In order to include your best work on your site, you may need to make PDF versions of your essays, take screenshots of your online work, photograph and/or scan artwork, digitize video, etc. If you encounter technical challenges along the way, please bring them up in class so we can share solutions with one another.

4. Customize the visual appearance of your site. Given the time frame for this assignment, I don’t expect you to hand-code a complete website from scratch. Rather, you should select a WordPress theme and customize it for your site. Using images and very basic CSS (cascading style sheets), you should modify your site to create a unique visual appearance that matches your goals for the portfolio. My assumption is that all of you are starting with no previous web design experience, so we will work together to learn enough HTML and CSS to help you complete this project.

5. Integrate social media into your site. This step is not required, but if you intend to use Twitter, Google+, Delicious, or some other social media site after the semester ends, I recommend integrating your social media streams into your website. We will work with various WordPress plugins to accomplish this task.

6. Iterate, iterate, iterate. It takes a lot of time and effort to build an effective website, so you should expect to try lots of things, abandon those that don’t work, and relentlessly refine those that do. We will dedicate several in-class workshops to this process, but I strongly recommend finding classmates whose schedules allow you to work together outside of class. Having a second (or third) set of eyes to help you identify technical problems or just offer feedback on your work will be an invaluable asset as you revise (and revise, and revise) your portfolio.

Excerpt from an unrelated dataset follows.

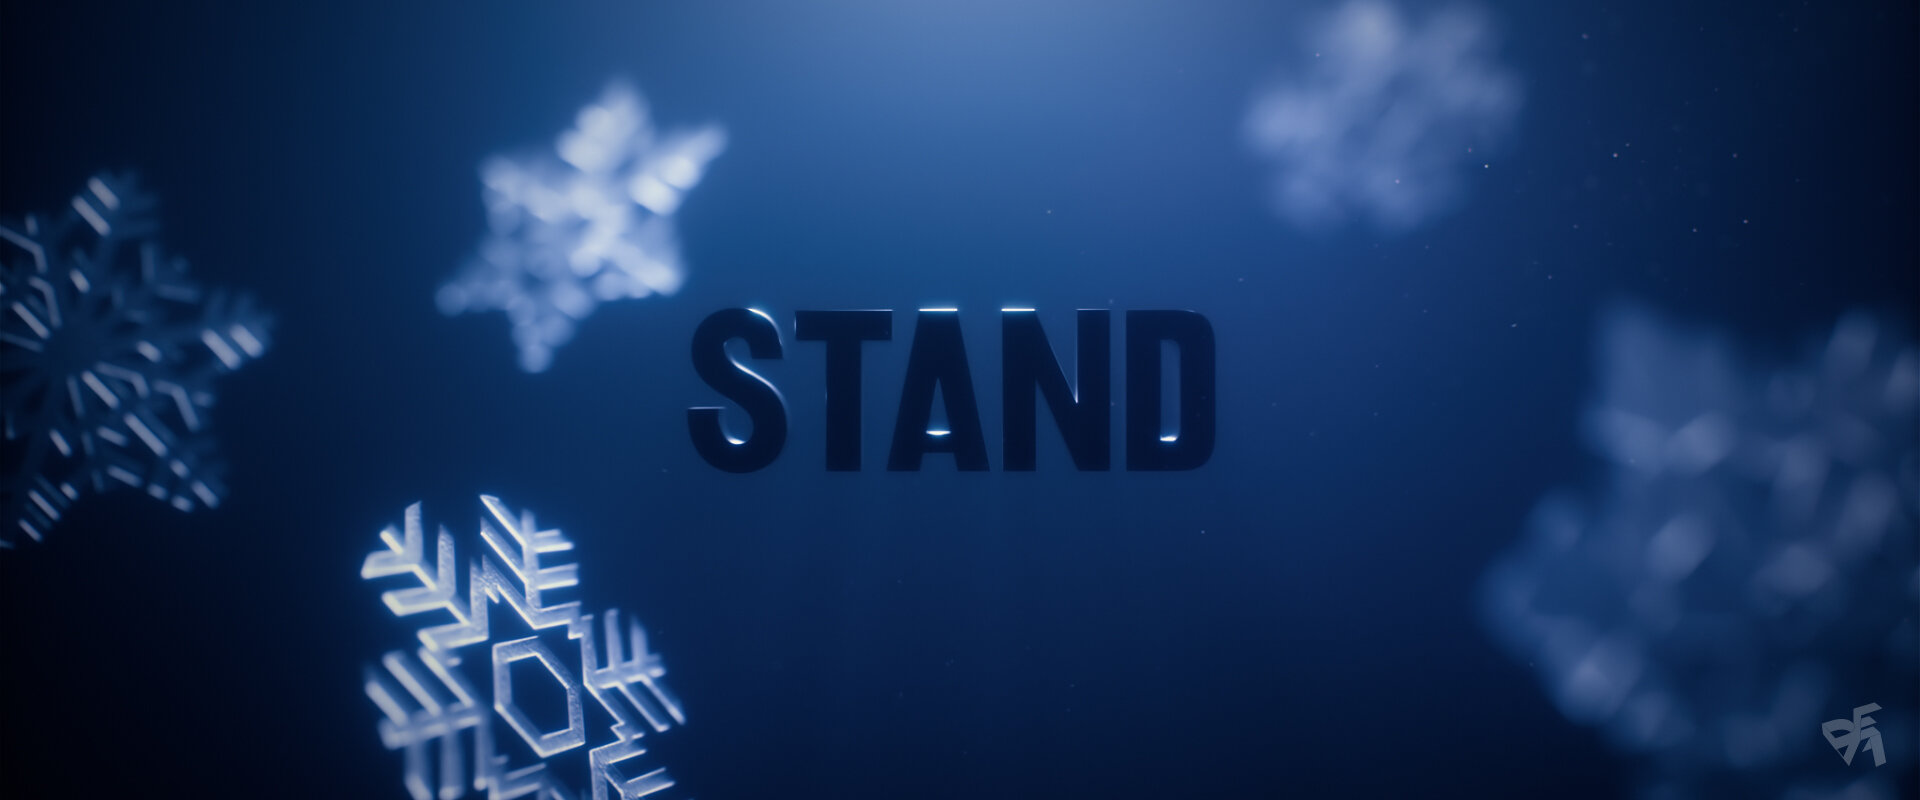 CARD_06_Stand.jpg

7. Assess your new online identity. At the conclusion of this project, you will conduct another self-assessment of your online identity, this time focusing on the ways in which your online presence has changed over the course of the semester. You may also want to address the ways in which your site might evolve in the future. Like the initial assessment, this document should take the form of a two-page memo to me.

Project Milestones

  • March 6: Assessment of your current professional online identity
  • March 20: Plan of action for Professional Electronic Portfolio
  • April 3: Early draft of Profesional Electronic Portfolio
  • April 17: Complete (rough) draft of Professional Electronic Portfolio
  • May 3: Final draft of Professional Electronic Portfolio

Evaluation Criteria

I will evaluate your portfolio using the following criteria:

  • Is the intended audience for this portfolio clear?
  • Does the portfolio contain a variety of artifacts? Does the site include helpful analysis of each artifact?
  • Does the portfolio “situate” the artifacts within a larger context (e.g., your academic career)?
  • How easy is it to navigate the website? Would first-time visitors to the site be able to find the information they are looking for?
  • Does the portfolio effectively incorporate visual elements? Does the site employ best practices in design, color, and typography?
  • How thoroughly has the original theme been customized for this particular portfolio?
  • Have all milestone assignments been submitted complete and on time?
  • Do the pre- and post-assessments of your online identity contain genuine analysis and reflection?